Первый смысл словосочетания, поставленного в заголовок, – неизбежная составляющая методики изучения иностранного языка. В том случае, когда им был английский, в обязательном списке произведений для домашнего чтения (не знаю, как сейчас) были «Оливер Твист» и «Пиквикский клуб». Но и среди книг, которые добровольно читали советские пионеры – дешевые томики с «уголками» в серии «Школьная библиотека» с картинками: «Николас Никльби», «Давид Копперфильд», «Крошка Доррит», «Домби и сын» занимали важное место, подтверждая слова Достоевского (его творчество, как раз не рекомендовалось): «Мы на русском языке понимаем Диккенса, я уверен, почти так же, как и англичане…».
В нобелевской лекции Иосифа Бродского имя писателя возникает не раз: «Мне думается, что потенциального властителя наших судеб следовало бы спрашивать прежде всего не о том, как он представляет себе курс иностранной политики, а о том, как он относится к Стендалю, Диккенсу, Достоевскому… Я полагаю, что для человека, начитавшегося Диккенса, выстрелить в себе подобного во имя какой бы то ни было идеи затруднительней, чем для человека, Диккенса не читавшего…». Бродский подчеркивал, что речь идет не о грамотности, не об образовании, а о ЧТЕНИИ.
Не знаю, вспоминал ли эти строчки Сергей Женовач, ставя «Битву жизни», но, кажется, что им руководило желание вернуть современному зрителю выдающегося английского писателя. И выбранная им форма сродни не современным читкам «новой драмы», а как раз ДОМАШНЕМУ ЧТЕНИЮ. Кстати, именно так переводится «The Household Words» – литературный журнал, издаваемый Чарльзом Диккенсом с 1850-го года, имевший большой успех в Англии.
Естественным кажется и тот факт, что «Студия» загодя готовила спектакль для новоселья. Обретение своего дома, в котором с первого шага видны характер, стиль, вкус хозяев (художник Александр Боровский удивительно строго и точно материализовал все это в интерьере) – событие. И дело не только в том, что молодой театр так быстро и счастливо получил стационар. Переселение отчетливо обозначило задачи, главная из которых создание «Открытого дома», где рады зрителям, как дорогим гостям.

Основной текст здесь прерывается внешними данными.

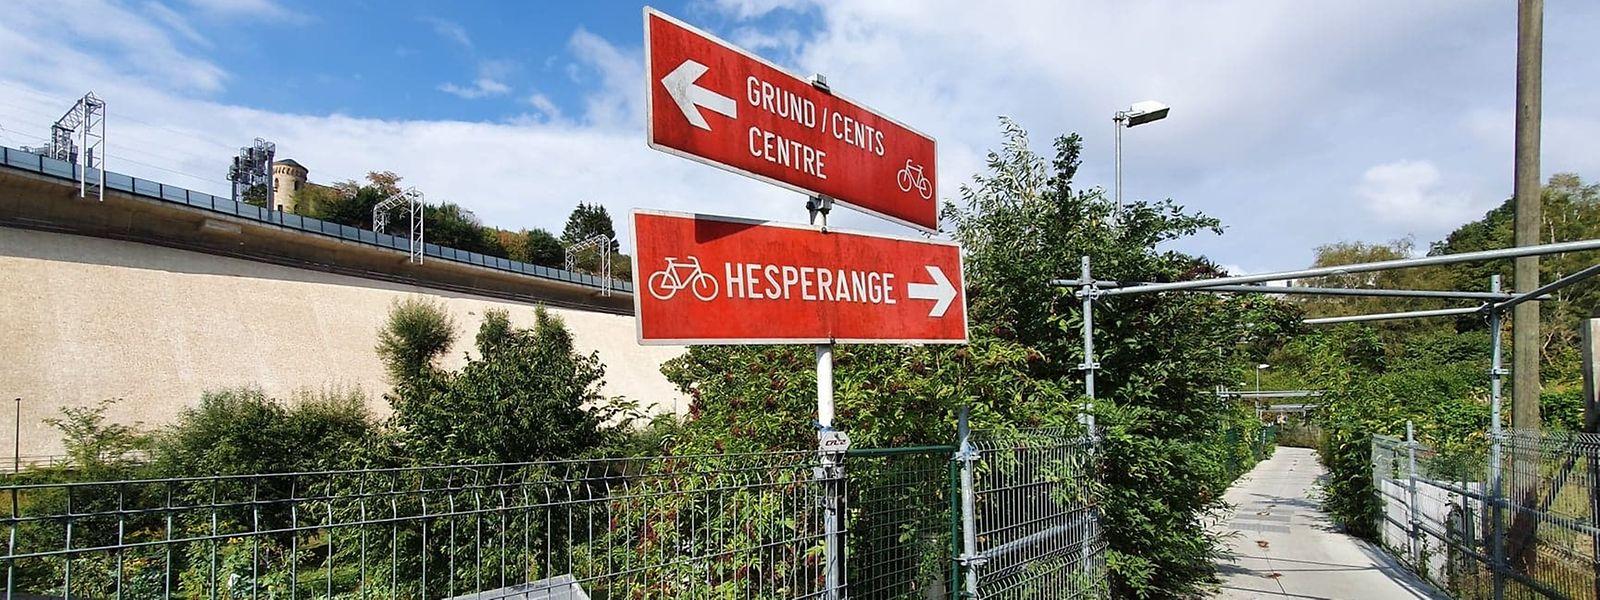 Die provisorische Radpiste führt seit 10 Jahren mitten durch die Kleingartenanlage Bisserwee auf der Bonneweger-Seite der Alzette.

Атмосфера фойе, где можно попить чайку или кофейку за общим столом, взять с полки книжку, перелистать страницы, что оживут потом на сцене, – работает на восприятие спектакля, отвлекая от суеты, забот и тревог дня. В уютном зале зрителю прочтут Диккенса (большинству незнакомого) так, что основным впечатлением станет возможность провести вечер у пылающего камина, послушать историю трогательную и поучительную. Перевод с английского намеренно старый. И принцип подачи похож на общение старших сестер и братьев, читающим младшим полюбившийся текст. Трудно не поддаться обаянию этих молодых людей, воспитанных в хорошей семье. Вроде бы они все разные, но родственные черты налицо. Доброта, внимание к зрителю и друг к другу, юмор, интеллигентность. Диккенс – их автор. Режиссер умело освободил текст от многословности. А своих актеров – от необходимости «погружения в образ». Этот эффект показа героя, легкого «примеривания» диккенсовского характера на себя, обмен взглядами, улыбками дружной компании создает современную дистанцию и, одновременно, приближает повесть давно минувших дней к дню сегодняшнему. Конечно, рождественский цикл Диккенса – сборник сказок, не случайно в них (правда, не в «Битве жизни») присутствуют призраки и духи, скажем: святочные духи («Рождественская песнь в прозе») или духи церковных часов («Колокола»). В «Битве» есть свои символы (дом Джедлеров стоит на месте, обагренном кровью давней войны), но театр сосредоточен на борьбе в душе человека, в ней альтруизм и жертвенность побеждают эгоизм и себялюбие. Треплев уверял: «Надо изображать жизнь не такою, как она есть, а такою, как она представляется в мечтах». А мечтать не только не вредно, считает Сергей Женовач, но очень даже полезно.
В заключение вспомним весьма подходящие к смыслу спектакля строчки Пастернака: «Тот год! Как часто у окна/ Нашептывал мне, старый: «Выкинься»,/ А этот, новый, все прогнал/ Рождественскою сказкой Диккенса.»